Sesuai dengan hasil FGD dengan berbagai pihak, maka ditemukan bahwa stakeholders di KHDTK
Mengkendek terbagi dua yaitu pemain kunci (key players) dan pengikut lain (crowds). Pemain
kunci antara lain BPK Makassar, Dishutbun Tana Toraja, tongkonan, dan pemerintah
kelurahan/lembang. Sedangkan pengikut lain, adalah petani penggarap lahan dan LSM setempat.

2. PEMBAHASAN
Setelah memahami pembagian stakeholders dalam jenis primer-sekunder, pembagian
menurut kepentingan dan pengaruh, serta berhasil menemukan kategorisasi dalam konteks
KHTDK Mengkendek, maka penting untuk mengetahui peran masing-masing stakeholders untuk
dimaksimalkan agar pengelolaan KHDTK Mengkendek dapat terarah dengan baik.
a) BPK Makassar berdasarkan SK Menhut No 367/Menhut-II/2004 diberikan mandat
untuk mengelola KHTDTK Mengkendek sebagai hutan penelitian. Untuk itu BPK
Makassar perlu menyusun rencana dan strategi pengelolaan yang memperhatikan
peran stakeholders lainnya.
b) Dinas Kehutanan dan Perkebunan (Dishutbun) Kabupaten Tana Toraja melalui
program Gerakan Nasional Rehabilitasi Hutan dan Lahan (GNRHL) berperan
mengamankan areal lahan (melalui polisi hutan), mengupayakan rehabilitasi/
konservasi hutan, dan mengurangi tingkat ketergantungan masyarakat terhadap
KHDTK Mengkendek (melalui pengembangan Hutan Rakyat).
c) Pemerintah kelurahan/ lembang berperan mengamankan kawasan hutan dari
pengrusakan hutan yang dilakukan oleh masyarakat, sekaligus mempengaruhi
masyarakat untuk ikut terlibat dalam upaya pengelolaan hutan sesuai rencana
strategis BPK Makassar dan Dishutbun Kabupaten.
d) Tongkonan sebagai entitas adat berfungsi untuk menumbuhkan semangat
kekeluargaan dan kebersamaan yang diperlukan dalam mendukung keberhasilan
pengelolaan hutan.
e) Masyarakat penggarap dapat berperan dalam pemanfaatan kawasan secara lestari
(memperhatikan aspek kelestarian hutan/ tidak merusak), mendukung pelaksanaan
kegiatan penelitian BPK Makassar, dan terlibat mengawasi areal hutan dari pihak-
pihak yang mau merusak KHDTK Mengkendek.
f) LSM setempat berperan meningkatkan kapasitas kelembagaan masyarakat melalui
kegiatan pendampingan dan pelatihan teknis.
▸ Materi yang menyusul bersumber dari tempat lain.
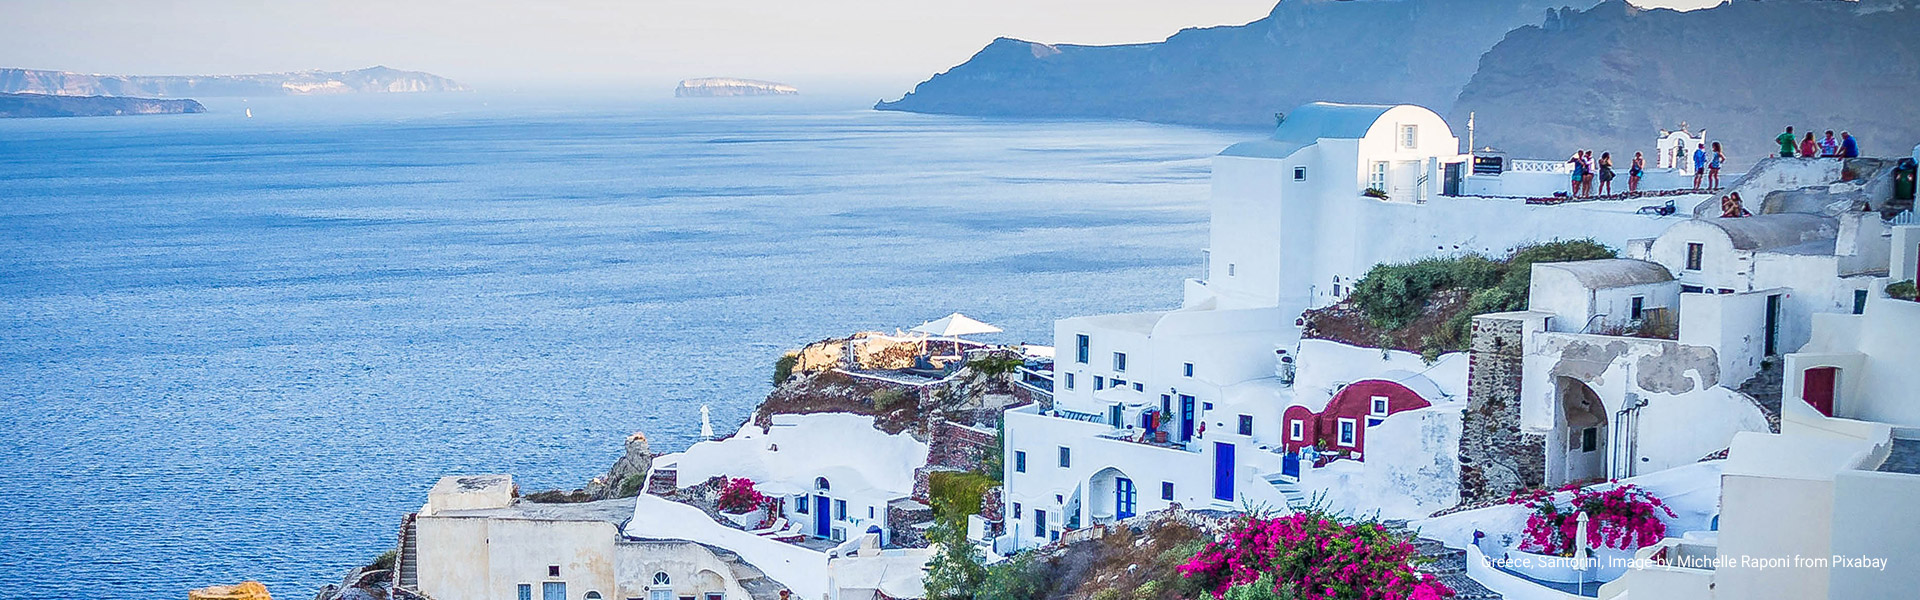 Greece, Santorini, Image by Michelle Raponi from Pixabay

Dari keseluruhan hasil dan pembahasan, penelitian ini secara substansial sudah memenuhi
kesesuaian dengan teori-teori yang digunakan dan merupakan kelanjutan dari hasil penelitian
sebelumnya.

D. KESIMPULAN DAN REKOMENDASI

Hasil penelitian ini membawa kita pada kesimpulan bahwa dalam pengelolaan hutan
(khususnya KHDTK Mengkendek), memiliki kompleksitas yang semuanya saling terkait dalam
proses mencapai tujuan pengelolaan dan pelestarian hutan. Temuan-temuan terkait dengan
kategorisasi, peran, dan kepentingan stakeholders, membuat kita dapat mengambil kesimpulan
tentang perlunya pengelolaan secara komprehensif dan berkesinambungan dari kawasan hutan
tersebut.

Hasil penelitian ini perlu untuk menjadi rujukan berbagai pihak dalam pemanfaatan
KHDTK Mengkendek, antara lain untuk: penyusunan rencana strategis BPK Makassar dalam
pengelolaan kawasan penelitian, bahan kajian dalam penyusunan peraturan daerah (perda)
tentang kawasan hutan dan hutan adat dalam lingkup Kabupaten Tana Toraja beserta turunannya,
bahkan menjadi referensi untuk penelitian-penelitian selanjutnya yang memiliki keterhubungan
baik dalam locus yang sama maupun berbeda.